Such a fundamental principle is precisely what the debate boils down to over the proposal to call for a constitutional convention to draft a new constitution and submit it to the voters. Yet at every step of the way, powerful, reactionary groups oppose letting the people make the final decision and the interim decisions leading up to it.

A bill in the Legislature, sponsored by state Sen. Ted Little, D- Auburn, and state Rep. Demetrius Newton, D-Birmingham, would let voters decide at the polls whether to create a constitutional convention.

If the voters agreed, those same voters in a subsequent election would pick the delegates to the convention. Candidates for the delegate posts would be subject to contribution limits and held to the same disclosure requirements as legislative lobbyists.

Once the convention drafted a proposed constitution, it would have to be ratified by the voters before it would take effect. If the ratification vote failed, the constitution of 1901 (including its 770-plus amendments) would remain in effect.

It's impossible to think of any safeguards that have not been included in the proposal. But no movement for constitutional reform will ever satisfy the critics who benefit so greatly from the status quo.
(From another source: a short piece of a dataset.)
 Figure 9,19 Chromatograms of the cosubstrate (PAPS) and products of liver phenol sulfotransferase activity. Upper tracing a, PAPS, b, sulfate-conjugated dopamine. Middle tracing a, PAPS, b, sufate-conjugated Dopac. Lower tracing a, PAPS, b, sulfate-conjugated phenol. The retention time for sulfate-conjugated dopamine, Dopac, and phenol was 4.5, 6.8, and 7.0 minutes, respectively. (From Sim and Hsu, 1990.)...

The bill offered by Little and Newton quickly drew objections from the Christian Coalition of Alabama and others. They labeled the proposal a sneaky way to raise taxes or to legalize gambling casinos. They raised the specter of "special interests" calling the shots - as if the opponents were not themselves special interests.

Perhaps most disturbing is the opponents' distrust of the people, the notion that the voters of Alabama could be hoodwinked by a constitutional convention. Such language implies that the people are too ignorant to be entrusted with their own future.
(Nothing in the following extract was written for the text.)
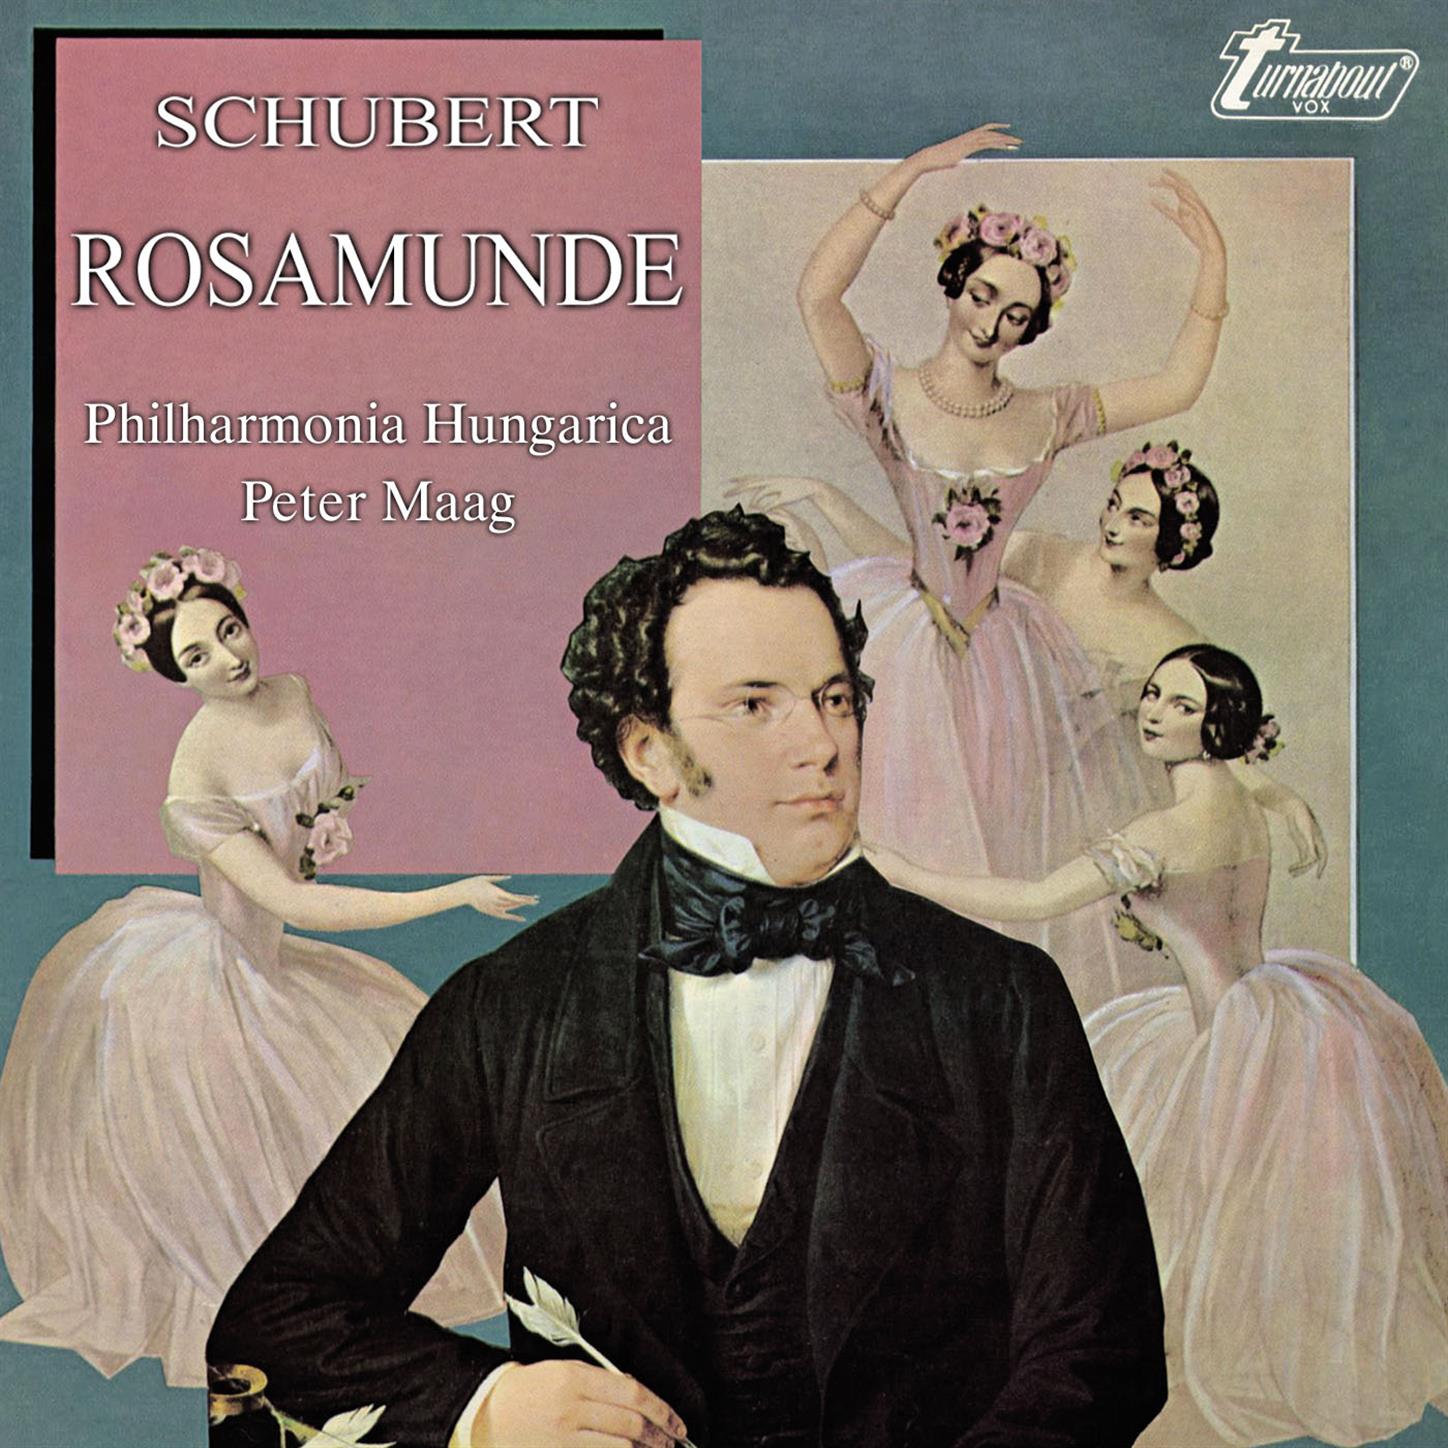 Schubert: Music to Rosamunde (Complete) [Turnabout TV Reissue]

Reform opponents have long tried to play the fear card with the voters. Now they seem to be embracing an elitism that ill-becomes anyone who purports to represent the average citizen.

Let's settle the matter. Let the voters decide if they want a constitutional convention. If they do, let them pick the delegates. Finally, let them vote the document up or down. To imply that the voters can't be trusted with such an issue also implies that they can't be trusted to participate in democratic government at all. Anyone who claims to speak for the people must finally let the people speak for themselves.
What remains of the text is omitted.